This post describes the data and technology behind our NDVI Viewer, which you can view here. The source code is available on Github.

Introduction

Remote sensing data and remote sensing derived products are starting to become ubiquitous in our daily lives. From the maps that navigate us, to tracking dangerous weather events, they have the potential to improve and save lives. However, the quantity and format of these data can make interpretation and use difficult.

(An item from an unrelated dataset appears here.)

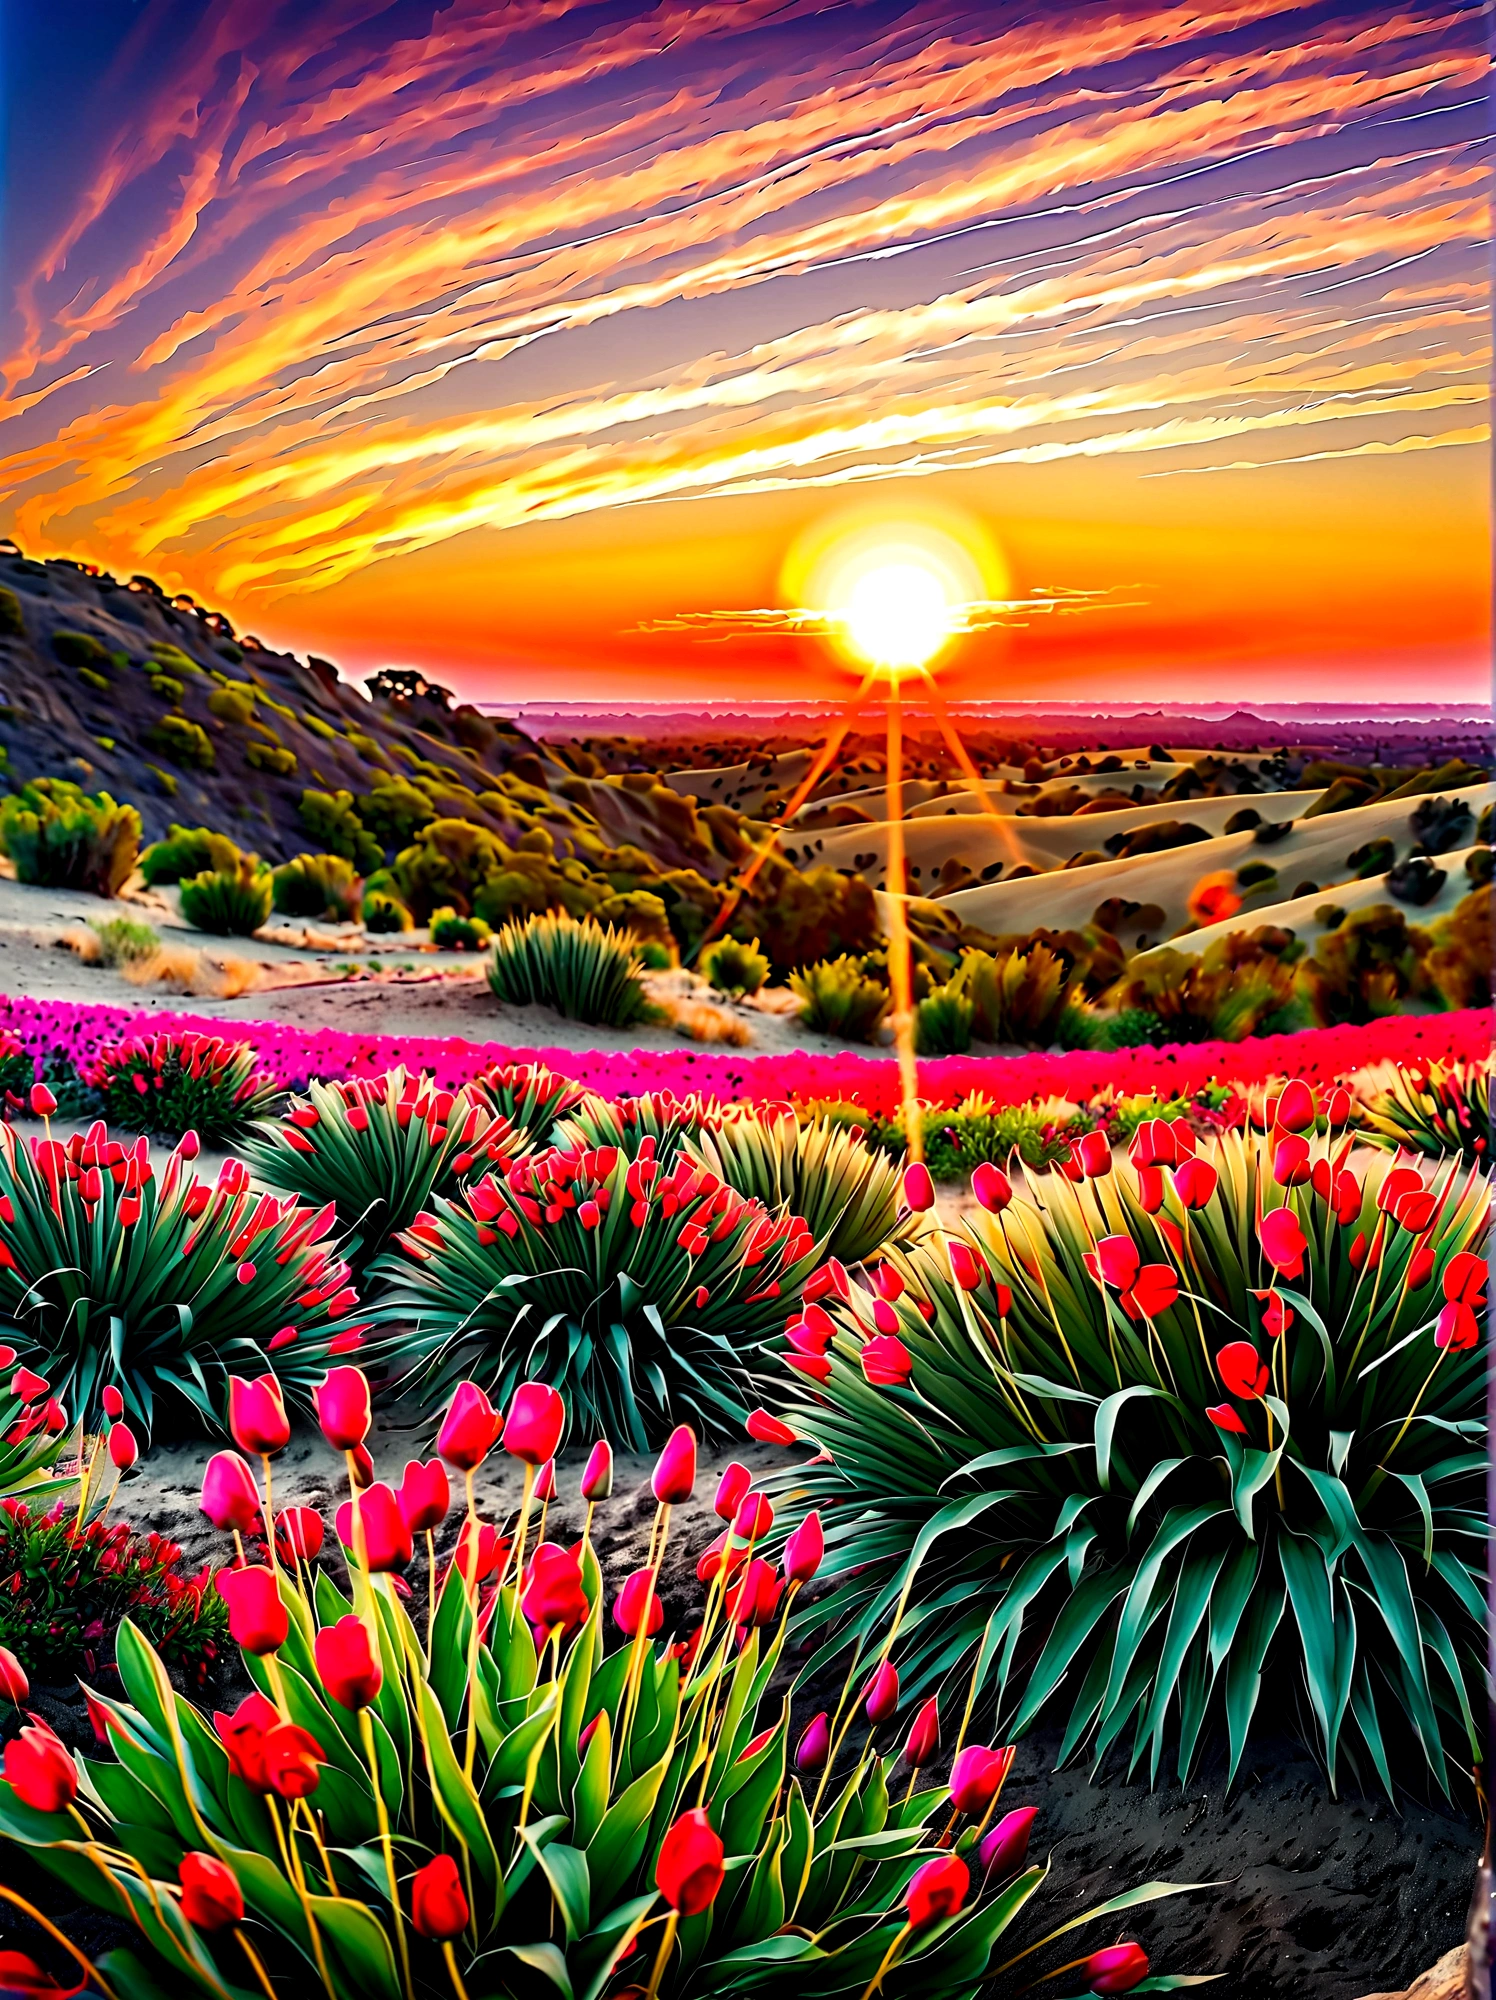 (夜明けの日の出時刻:1.6)，素晴らしい日の出と澄み切った穏やかな朝の空. 太陽が地平線から顔を出し始めた, its 金en rays illuminating the sky in radiant hues of orange and pink. 太陽そのものは魅力的な丸い火の玉のように見える, 雄大な色のグラデーションを通して視覚的に感じられる暖かさ. ゆっくり, 上昇し始める, 地上の世界に新たな光とエネルギーをもたらす. 鮮やかな黄色の色合い, 金, そして赤は太陽の生命力の象徴です. その間, 夜の残り, 深い紫と青, この美しい朝の情景の端にまだ残っている, 戻ってくるのを待っているが、今のところ, 雄大な太陽の栄光を祝う, 視点は広角ビューで、自然の要素に満ちた息を呑むような風景の広大な範囲を強調しています。, 画像は光と影を効果的に使用してドラマチックさと壮大さを感じさせるものでなければならない。.

Here at Visual Perspective we spend a lot of time thinking about how to process and visualize large geospatial datasets. A recent paper in the Remote Sensing journal, “Warming, Sheep and Volcanoes: Land Cover Changes in Iceland Evident in Satellite NDVI Trends,” got us thinking about the visualization of a data product we have frequently used throughout our careers: NDVI or the Normalized Difference Vegetation Index. Before we discuss this paper and our work, it’s important to understand what NDVI is and where it comes from.

What is NDVI?

Live, green, healthy vegetation absorbs energy from the sun in a spectral region called the Photosynthetically Active Radiation (PAR) region. Plants use the sun’s energy in this particular spectral region to drive photosynthesis and make food. But not all of the sun’s emitted energy spectrum is useful for plants. The sun’s radiation in near-infrared region doesn’t have the required energy to help plants synthesize organic molecules. Therefore plants have evolved to re-emit radiation in the near-infrared region.

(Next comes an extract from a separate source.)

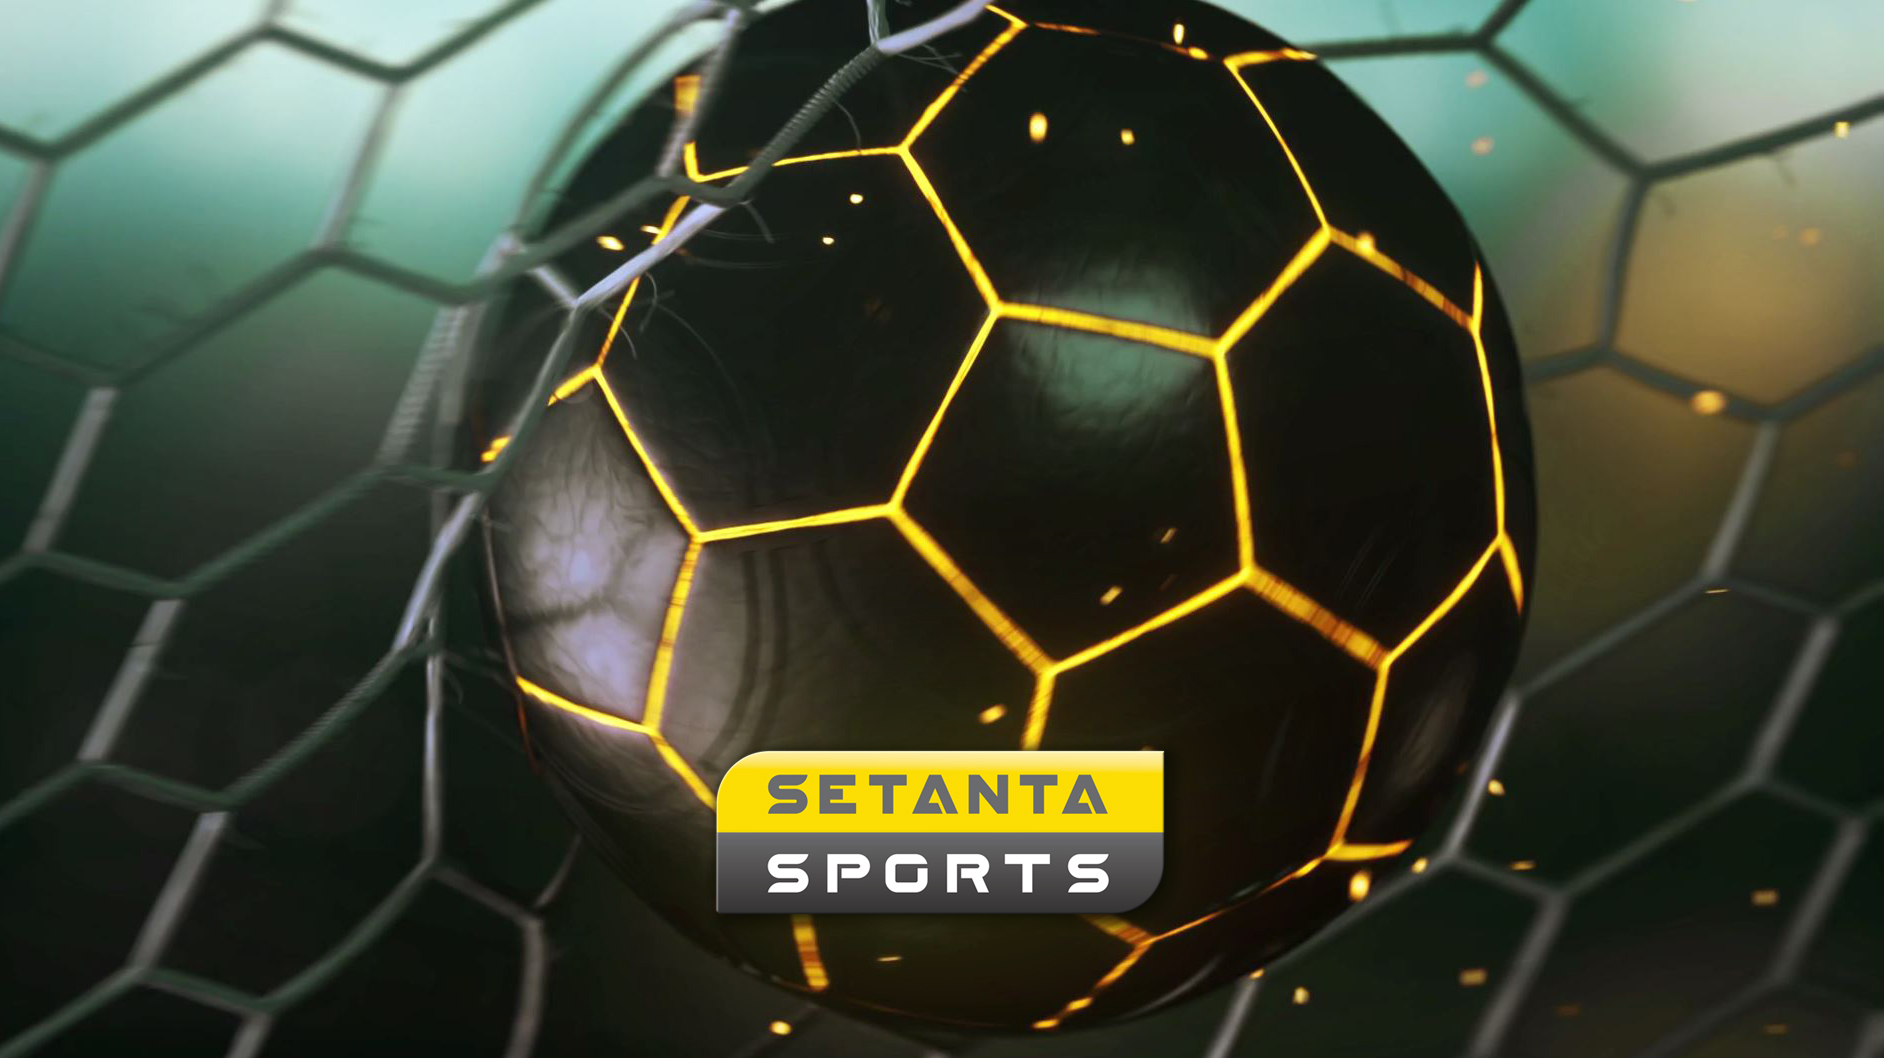 Мария Лысенко, Setanta Sports: «Наша стратегия – не конкурировать с “Футболами” в футбольной нише»

So we know plants like to absorb energy in one spectral region (PAR) and to reflect in another spectral region (near-infrared). In the PAR spectral regions, plants appear dark because they are absorbing the energy, and in the near-infrared they appear bright because they are reflecting energy. We can construct an index to take advantage of these properties. This index effectively measures the ratio in absorption between the visible and the near-infrared regions. Donald Deering and Robert Hass, along with John Schell, developed the concept of NDVI:

NDVI Equation

This is the near-infrared radiation, minus visible radiation, divided by near-infrared radiation, plus visible radiation. With this type of formulation, NDVI will have the range of values between -1 and +1. A value of 0 indicates no vegetation, while a value close to 1 indicates the highest possible density of green leaves.

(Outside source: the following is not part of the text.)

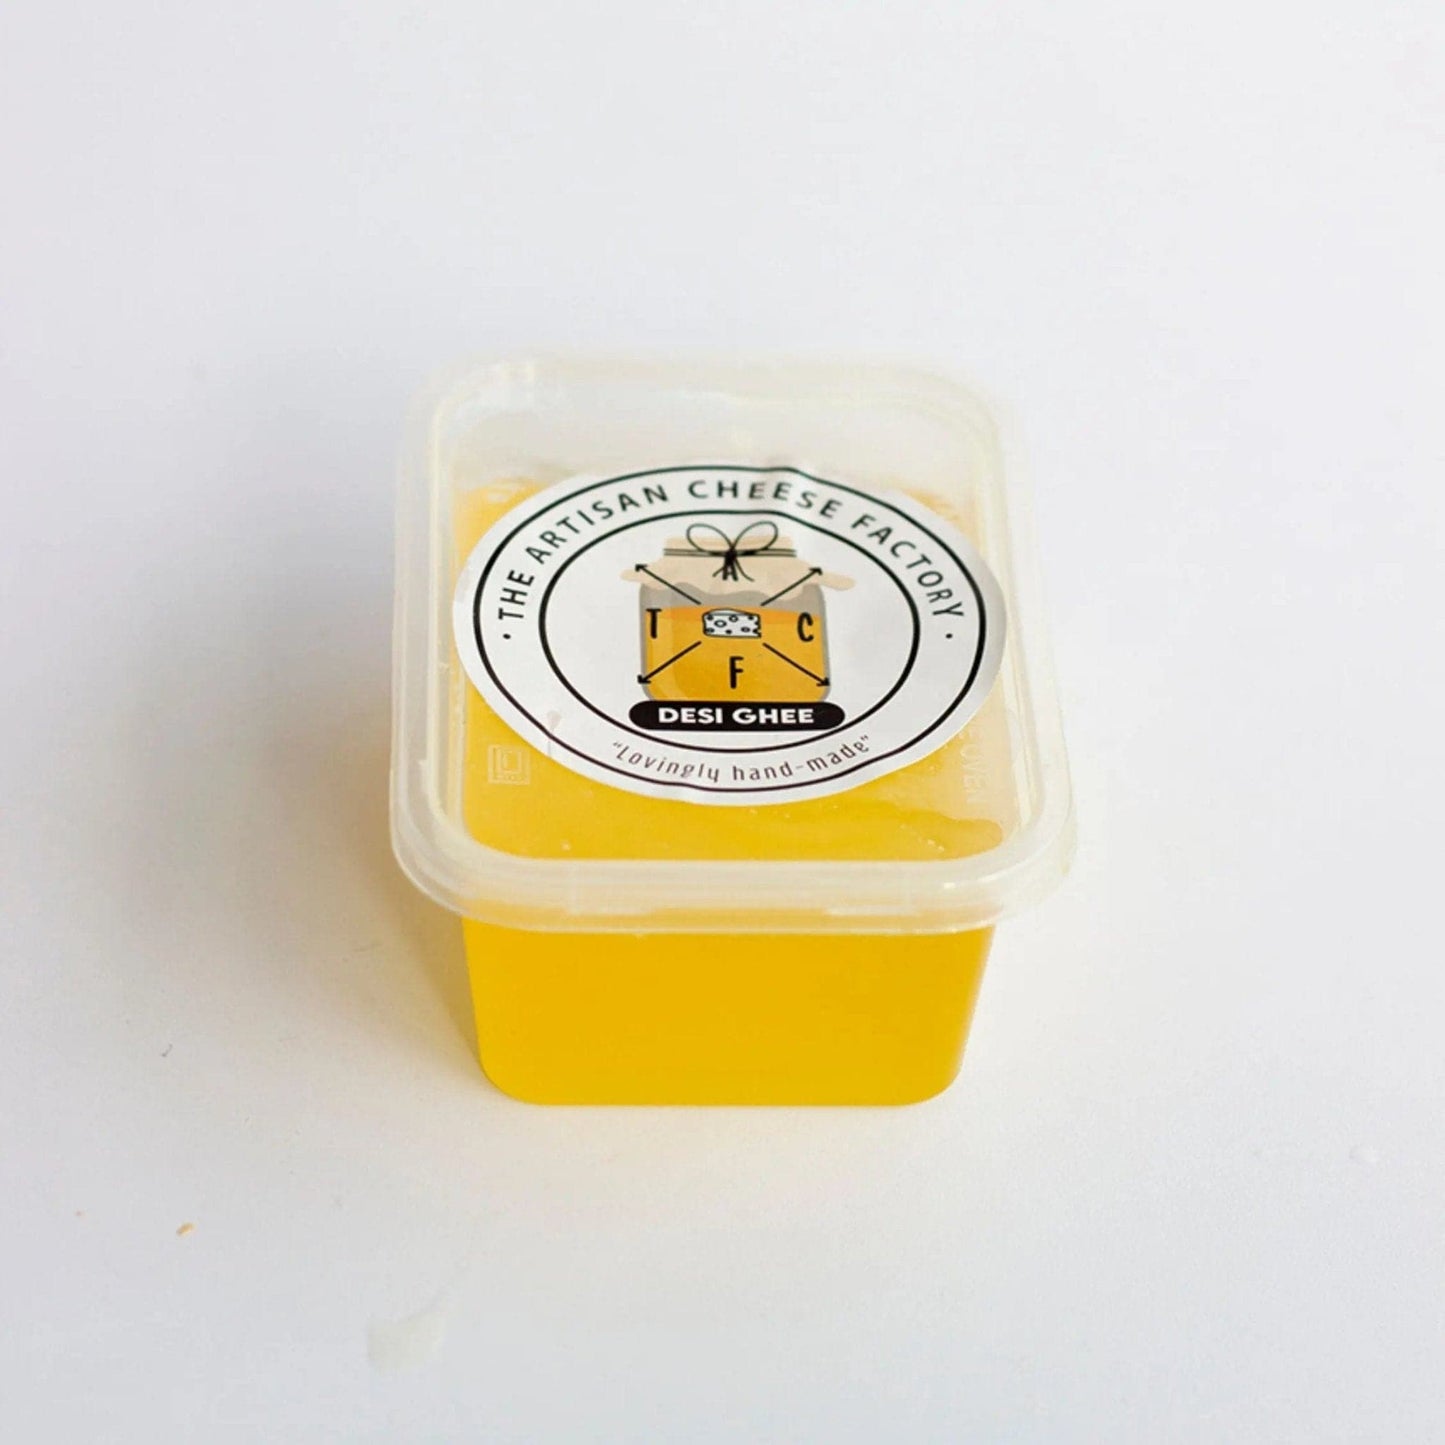 
                  
                    Desi Ghee - Artisan Cheese Factory

Robert Simmon from NASA created a very helpful graphic (Figure 1) demonstrating the difference in NDVI between healthy and unhealthy vegetation. Healthy vegetation (left on Figure 1) absorbs most of the visible light that hits it, and reflects a large portion of the near-infrared light, yielding a relatively higher NDVI. Unhealthy or sparse vegetation (right on Figure 1) reflects more visible light and less near-infrared light, yielding a relatively lower NDVI.

Figure 1
Figure 1. Example difference in NDVI between healthy and unhealthy vegetation.

What is NDVI Used For?

Since NDVI directly measures the health and presence of vegetation, it has signficant application in the farming sector. It is currently used to track crop health and stress (Barnes et al. 2000), allowing farmers to identify stressed crops weeks before being detectable by the human eye. In addition, NDVI can be used to predict crop yields months before harvest (Panda et al. 2000; Quarmby et al. 1993).

In addition to direct agricultural monitoring, NDVI has a variety of interesting secondary applications. These include monitoring drought and soil moisture (Gu et al. 2008; Rulinda et al. 2012), migration patterns and survival rates of animals (Szép et al. 2006), and the impact of urbanization (Imhoff et al. 2000).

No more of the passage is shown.